Format 1: BED (Browser Extensible Data) format provides a flexible way to define the data lines that are displayed in an annotation track. BED lines have three required fields and nine additional optional fields. The number of fields per line must be consistent throughout any single set of data in an annotation track. The order of the optional fields is binding: lower-numbered fields must always be populated if higher-numbered fields are used.

The first three required BED fields are:

chrom – The name of the chromosome (e.g. chr3, chrY, chr2_random) or scaffold (e.g. scaffold10671).
chromStart – The starting position of the feature in the chromosome or scaffold. The first base in a chromosome is numbered 0.
chromEnd – The ending position of the feature in the chromosome or scaffold. The chromEnd base is not included in the display of the feature, however, the number in position format will be represented. For example, the first 100 bases of chromosome 1 are defined as chrom=1, chromStart=0, chromEnd=100, and span the bases numbered 0-99 in our software (not 0-100), but will represent the position notation chr1:1-100. Read more here. chromStart and chromEnd can be identical, creating a feature of length 0, commonly used for insertions. For example, use chromStart=0, chromEnd=0 to represent an insertion before the first nucleotide of a chromosome.

After these 3 mandatory columns, you can append all kinds of additional information to these locations. You can add gene names, strand (+ or -), gene counts (expression), and so on.

Format 2: GFF (General Feature Format) consists of one line per feature, each containing 9 columns of data, plus optional track definition lines.

Fields must be tab-separated. Also, all but the final field in each feature line must contain a value; “empty” columns should be denoted with a ‘.’

seqname – name of the chromosome or scaffold; chromosome names can be given with or without the ‘chr’ prefix. Important note: the seqname must be one used within Ensembl, i.e. a standard chromosome name or an Ensembl identifier such as a scaffold ID, without any additional content such as species or assembly. See the example GFF output below.
source – name of the program that generated this feature, or the data source (database or project name)
feature – feature type name, e.g. Gene, Variation, Similarity
start – Start position* of the feature, with sequence numbering starting at 1.
end – End position* of the feature, with sequence numbering starting at 1.
score – A floating point value.
strand – defined as + (forward) or – (reverse).
frame – One of ‘0’, ‘1’ or ‘2’. ‘0’ indicates that the first base of the feature is
the first base of a codon, ‘1’ that the second base is the first base of a codon, and so on.
attribute – A semicolon-separated list of tag-value pairs, providing additional information about each feature.
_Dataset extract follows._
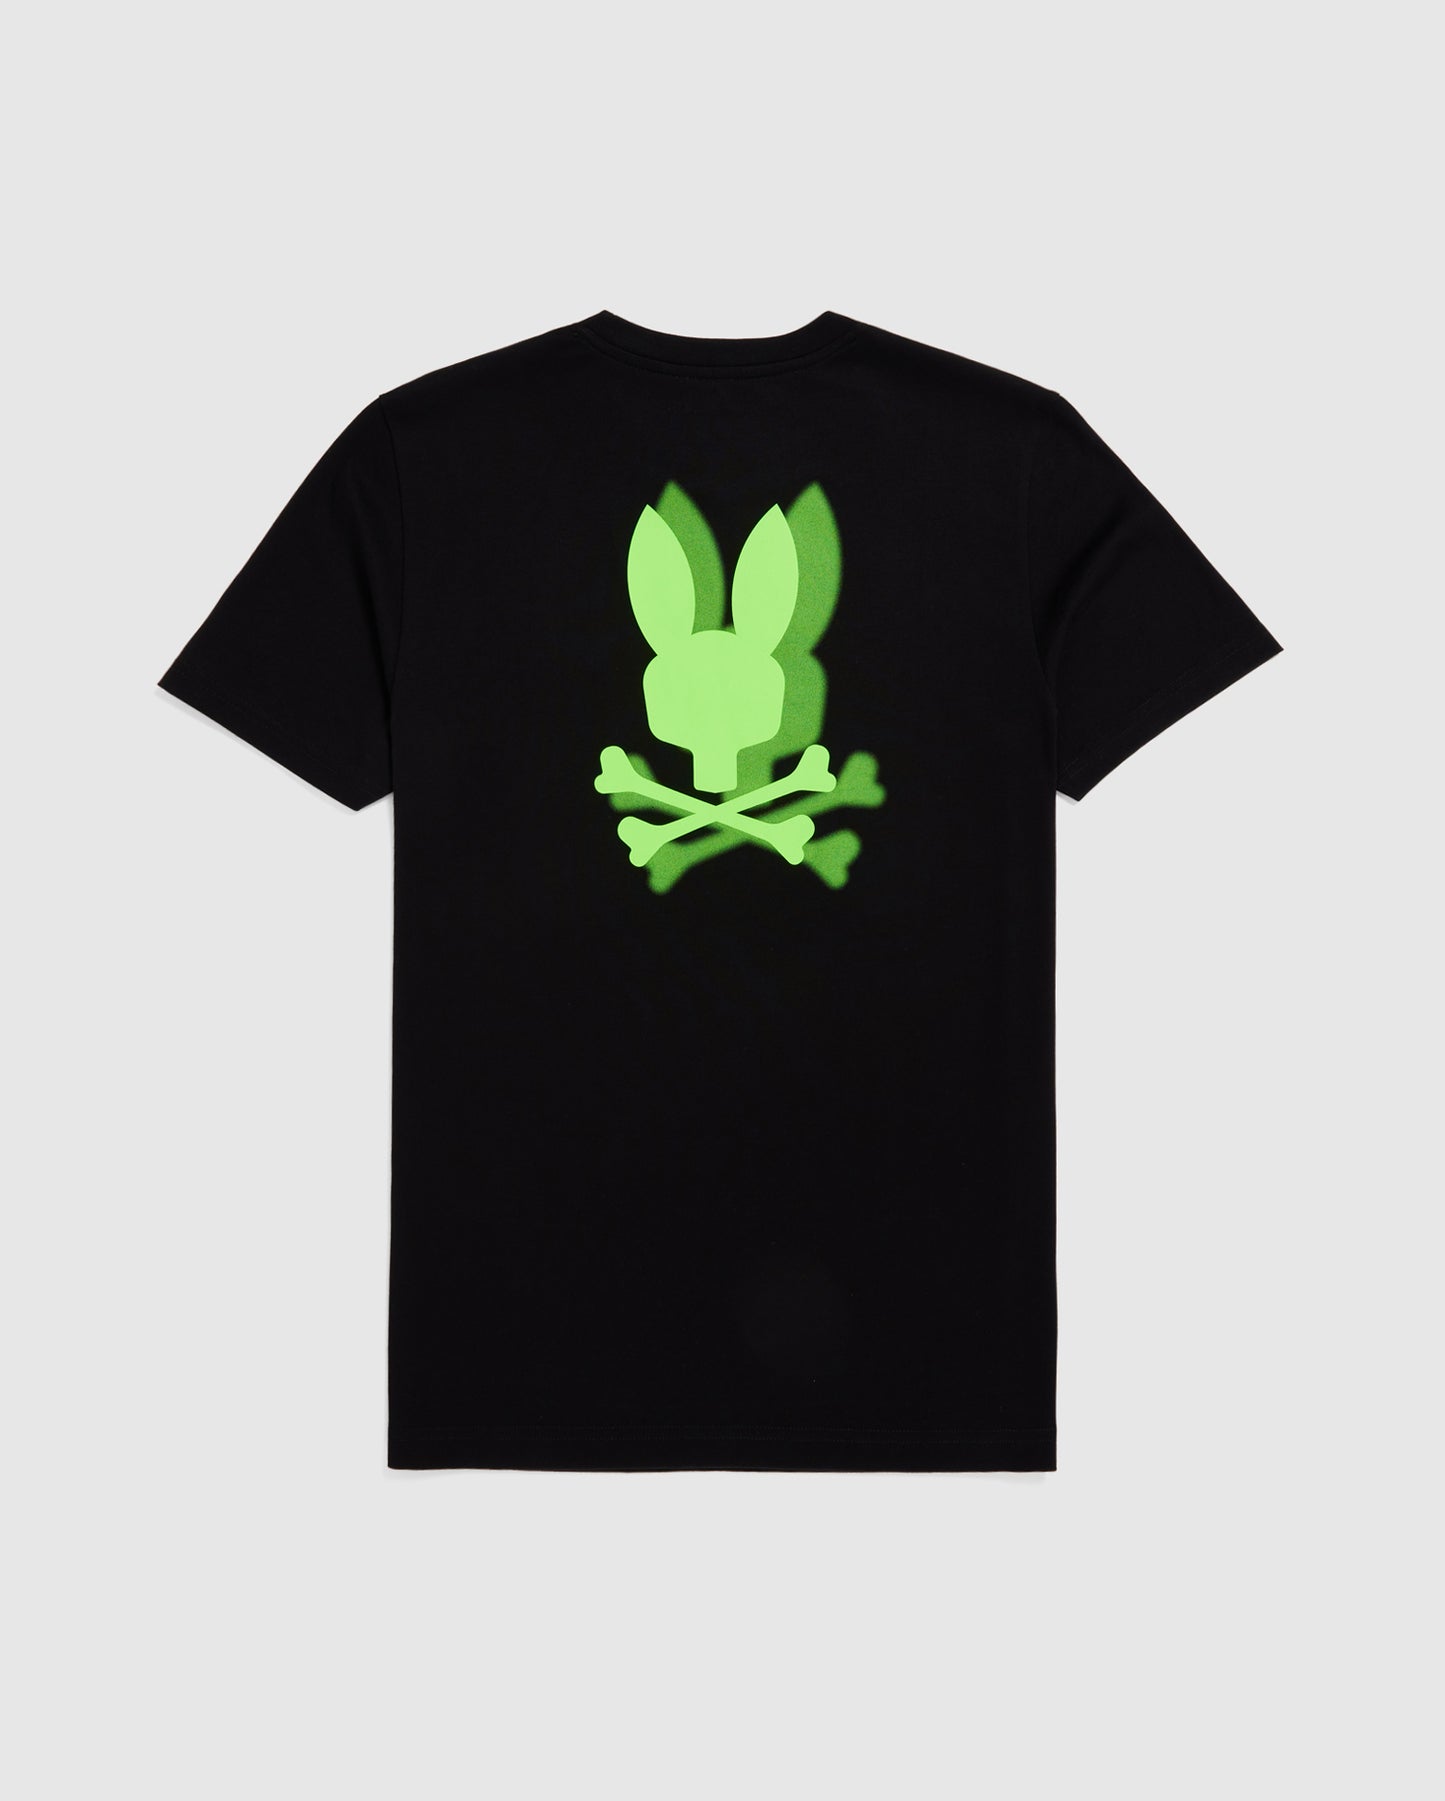 Buy And Sell Young LA Shirts - Mens 417 Graphic Rambo Tees Black

GFF3 Format – NGS Analysis — Image source: Next-Generation Sequencing Analysis Resources

What to look out for: 0-based vs 1-based coordinates

Do we start at 0, or start at 1?

The example above shows (an imaginary) first seven nucleotides of sequence on chromosome 1:

1-based coordinate system - Numbers nucleotides directly
0-based coordinate system - Numbers between nucleotides

0-based: BED, BAM, BCF

1-based: GTF, GFF, SAM, VCF, BLAST, GenBank/EMBL

Bedtools recognizes these differences and inter-converts for you.